- _Task statement_: Reproduce the listing exactly, with no pictures in your copy.

- _Available data_:

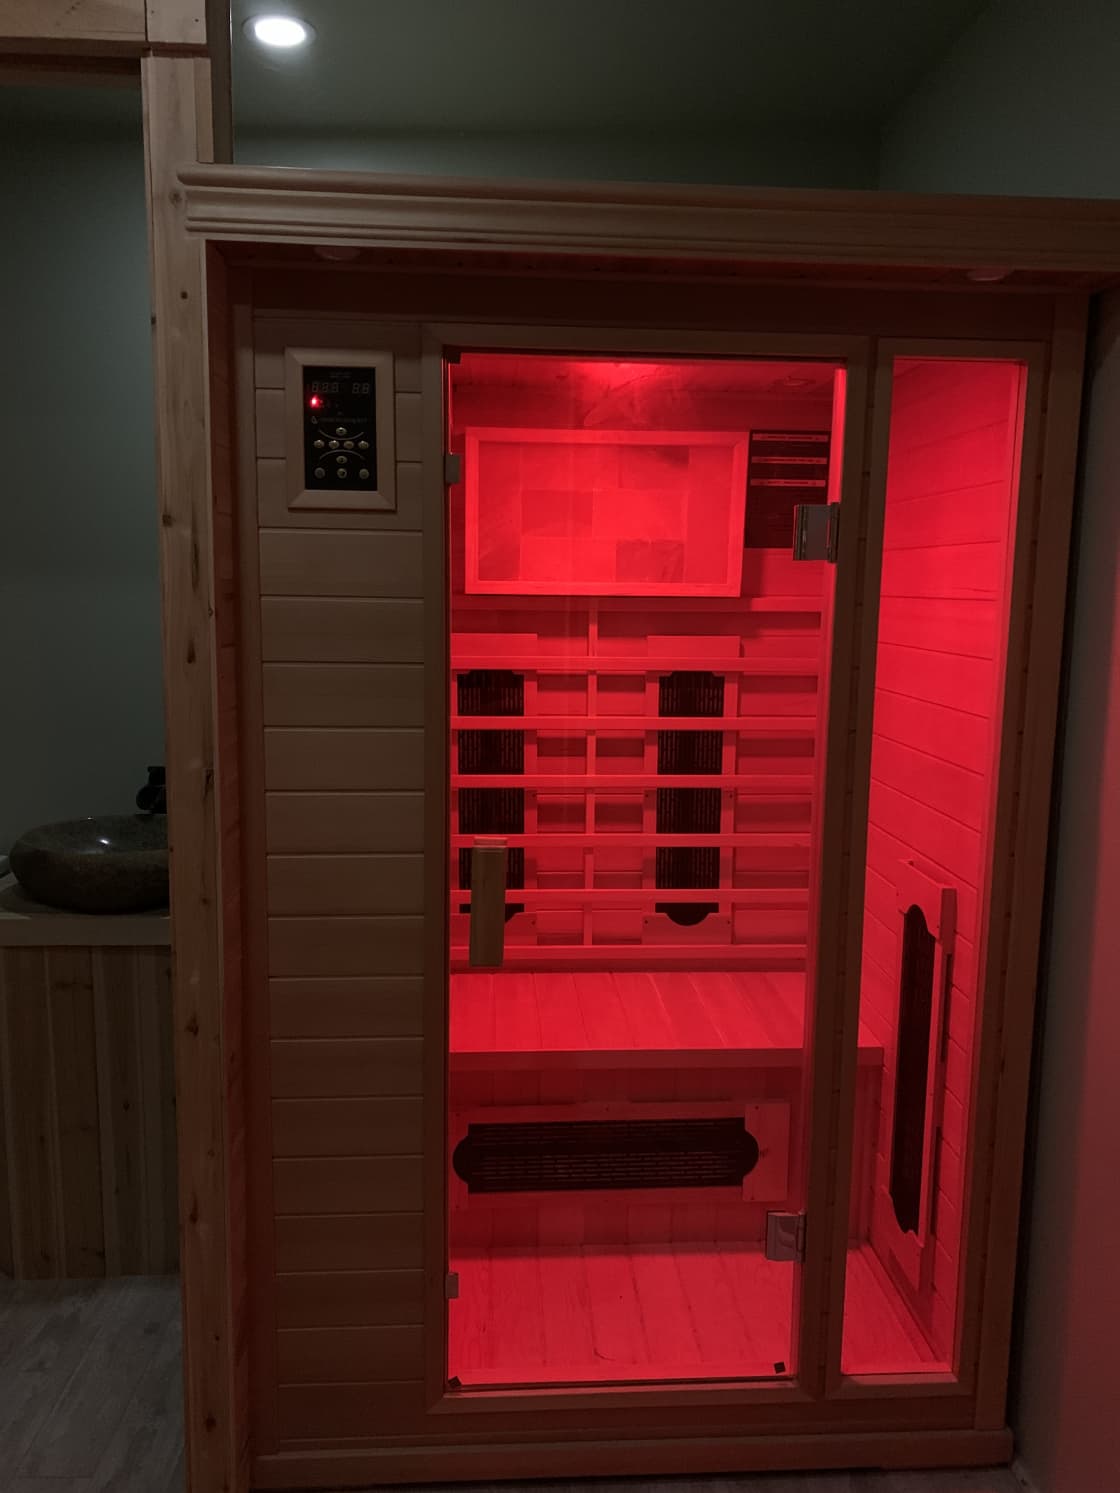 Infrared Himalayan salt sauna available as part of small spa package for additional fee.
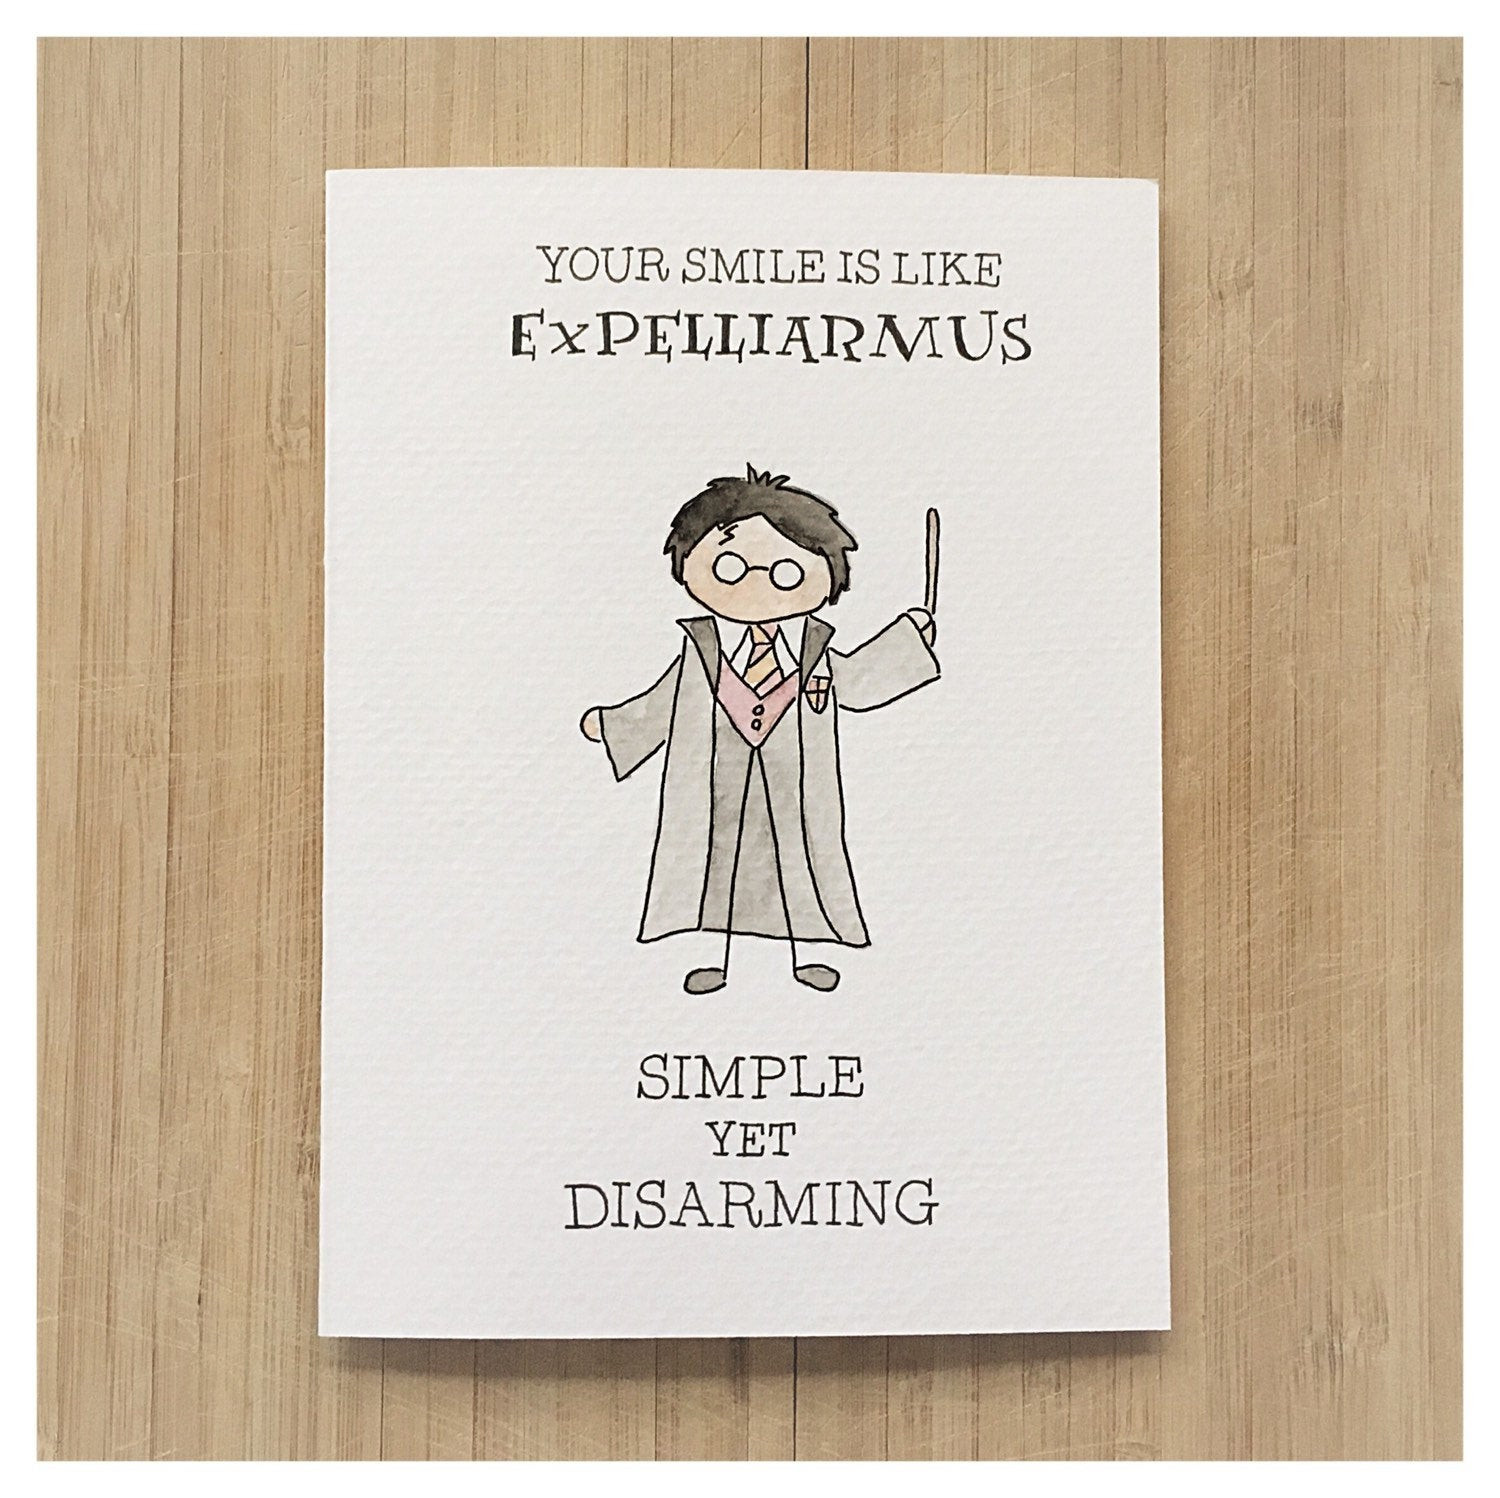 Harry Potter Birthday Card
 Harry Potter Greeting Card Harry Potter by kenziecardco on

- _Finished task_:
 Infrared Himalayan salt sauna available as part of small spa package for additional fee.
 Harry Potter Birthday Card
 Harry Potter Greeting Card Harry Potter by kenziecardco on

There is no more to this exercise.